И всякий раз, приезжая в село, я несу ей цветы. И всякий раз ясно, удивительно ясно вижу ее, сидящую на собственном могильном холмике, а неустанные материнские руки вяжут и вяжут носки…

Если когда-нибудь поставят памятник Неизвестной матери, как ставят памятники Неизвестному солдату, я бы хотел, чтоб в пальцах у нее сновали спицы…

64

…И я говорю ей: «Ты должна переехать в Армению». Не спрашиваю: «Ты переедешь в Армению?», а говорю: «Ты должна переехать». Она снимает свои дымчатые очки, и я вижу ее голубые глаза. Она странно щурится, кажется, будто я удаляюсь от нее, — значит, она близорука, а я этого раньше не замечал. У нее чистые, очень детские глаза.

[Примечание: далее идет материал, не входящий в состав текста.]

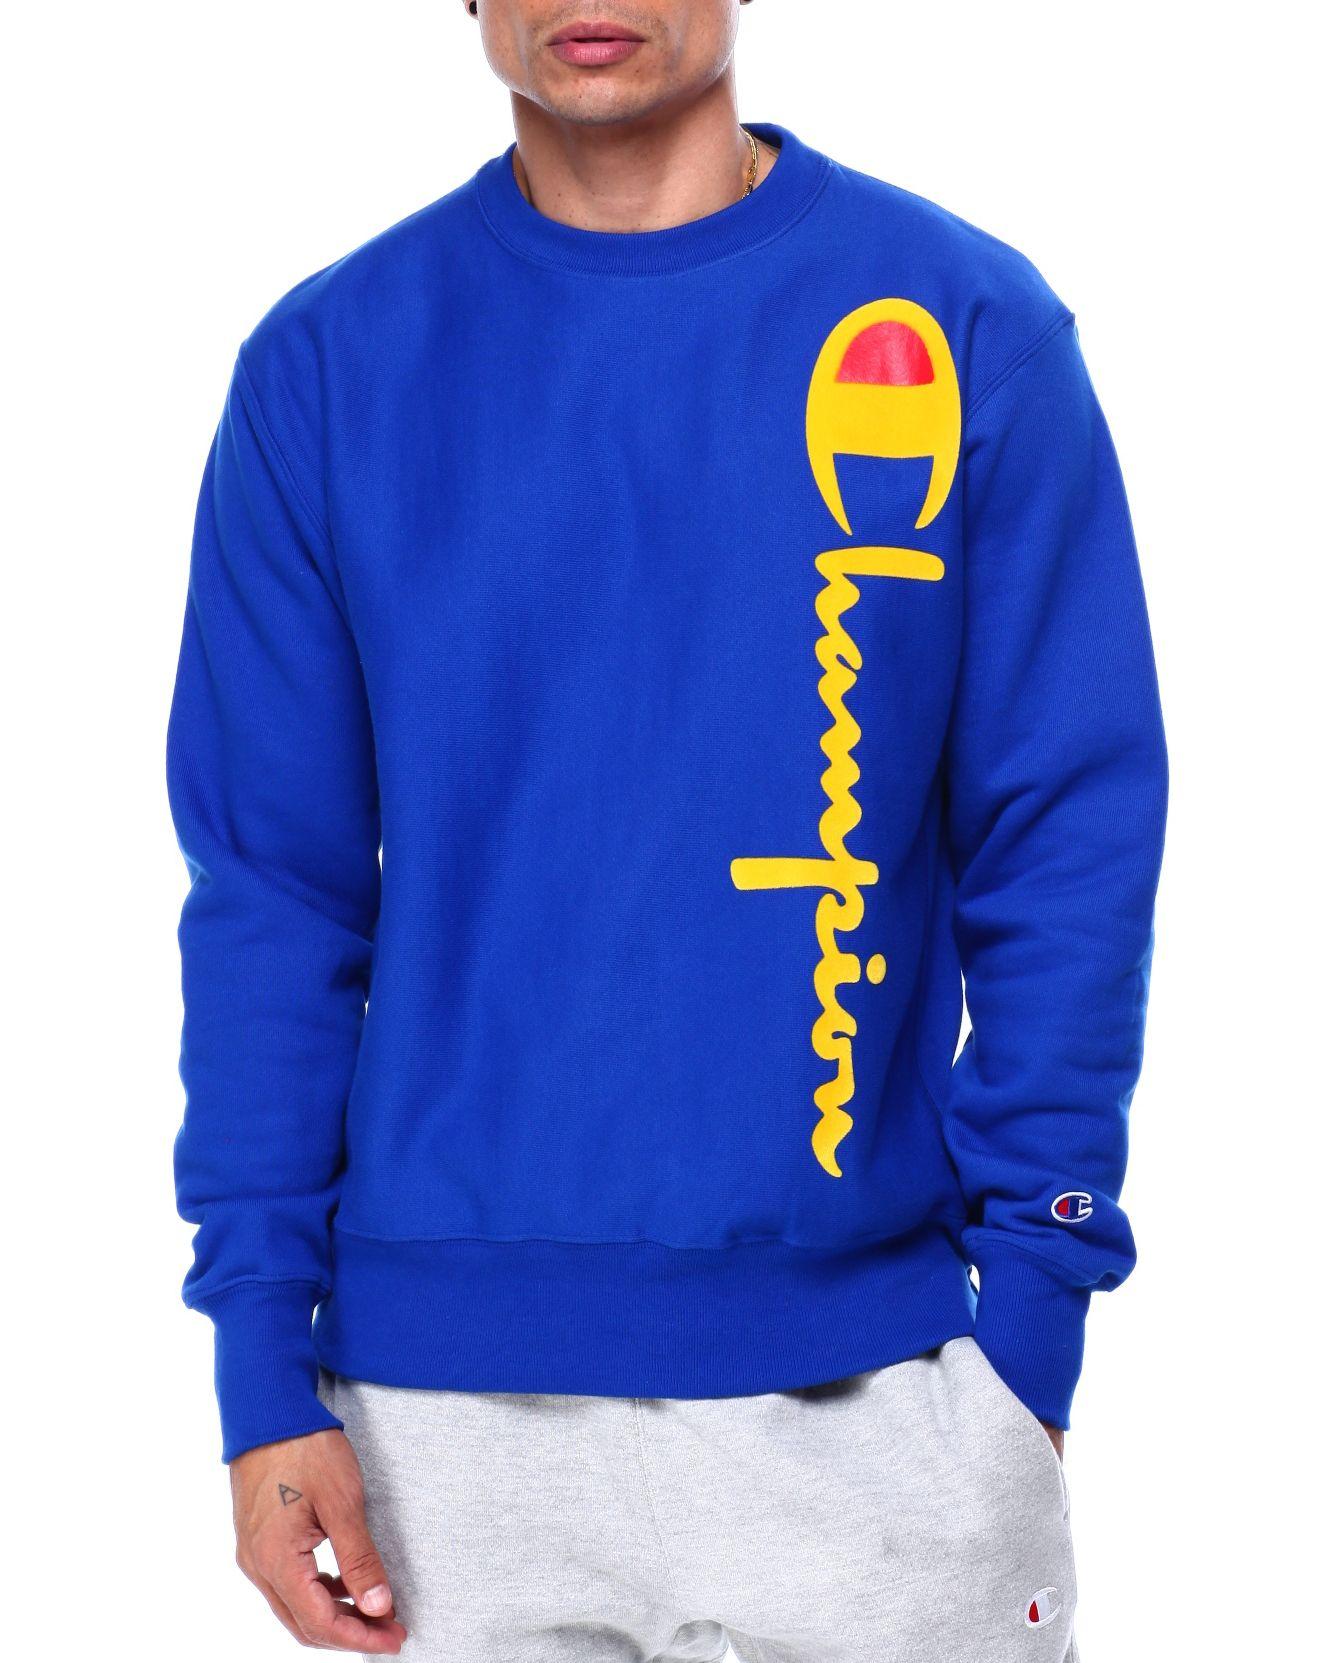 Buy Oversized Flock Crewneck Sweatshirt Men S Sweatshirts Sweaters From Champion Find Champion Fashion Mens Champion Sweatshirt Sweatshirts Sweatshirt Shirt [ 1663 x 1329 Pixel ]

«Я бы хотела жить в Зангезуре». Она говорит это искренне, но я понимаю: это вовсе не продуманное желание, а всего лишь сказка, родившаяся в эту минуту. Поэтическая ложь, честное, наивное упражнение, желание доказать что-то самой себе.

«Я, наверное, начну писать по-английски». Эти слова она, по-моему, повторяла в уме и вдруг почувствовала, что вышло вслух. «То есть уже начала писать. Послала в Нью-Йорк, в литературный еженедельник, напечатали. И гонорар получила. Сто двадцать долларов. Это мой первый гонорар».

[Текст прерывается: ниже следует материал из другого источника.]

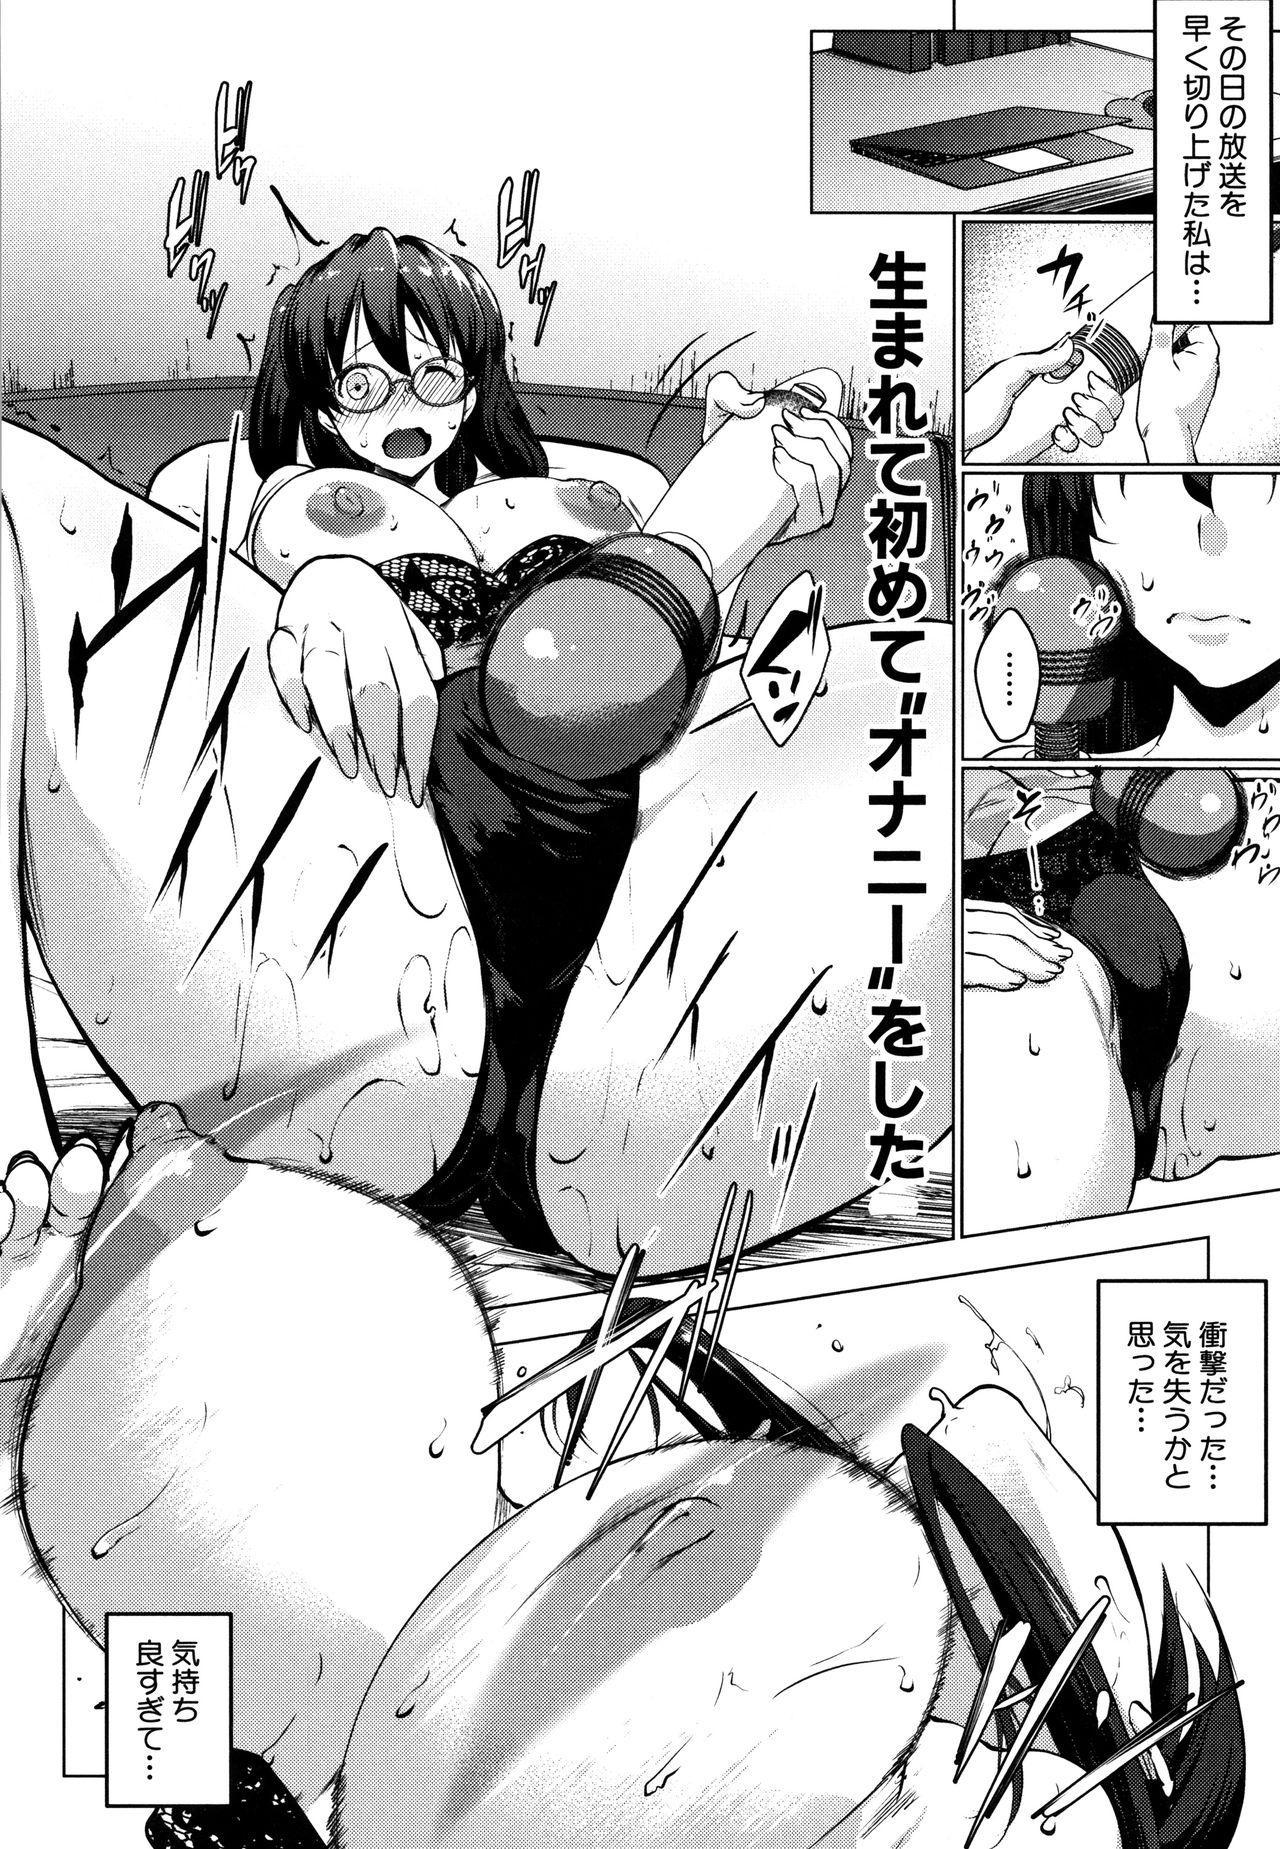 Hentai Seiso M Kanojo 154

«Можешь писать на английском и в Зангезуре. — Мои слова звучат ядовито, но она добра в своей сказке и пока не чувствует сарказма. — В Горнее, кажется, уже есть английская школа или скоро будет. Сможешь там преподавать, а по вечерам писать по-английски. Кто-нибудь переведет, и в Ереване напечатают на армянском…»

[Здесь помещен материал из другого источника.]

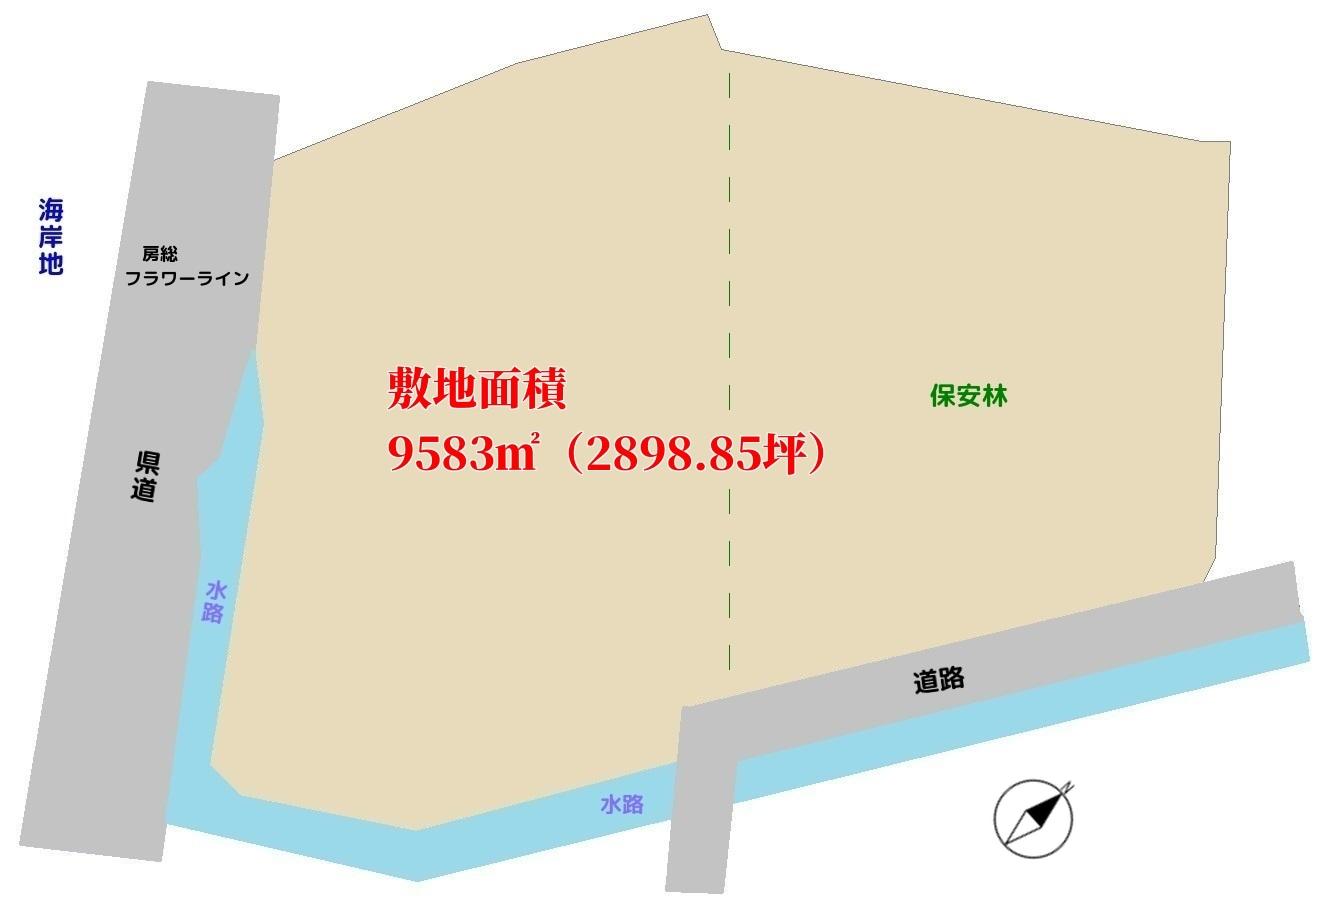 千葉県館山市佐野の売地 海が見える土地 広い土地 南総ユニオン株式会社

Мы сидим в Бейруте в приморском кабаре, прямо напротив нас скала самоубийц. Она рассказывает, что несчастные влюбленные в одиночку или вдвоем поднимаются на скалу, окидывают прощальным взглядом море, город и бросаются вниз. Вода заглатывает их любовь, их горе. До сих пор зарегистрировано сто двадцать семь таких случаев. Тридцать один раз влюбленные прыгали со скалы, взявшись за руки. А говорят, что Ромео и Джульетта — выдумка далекого прошлого.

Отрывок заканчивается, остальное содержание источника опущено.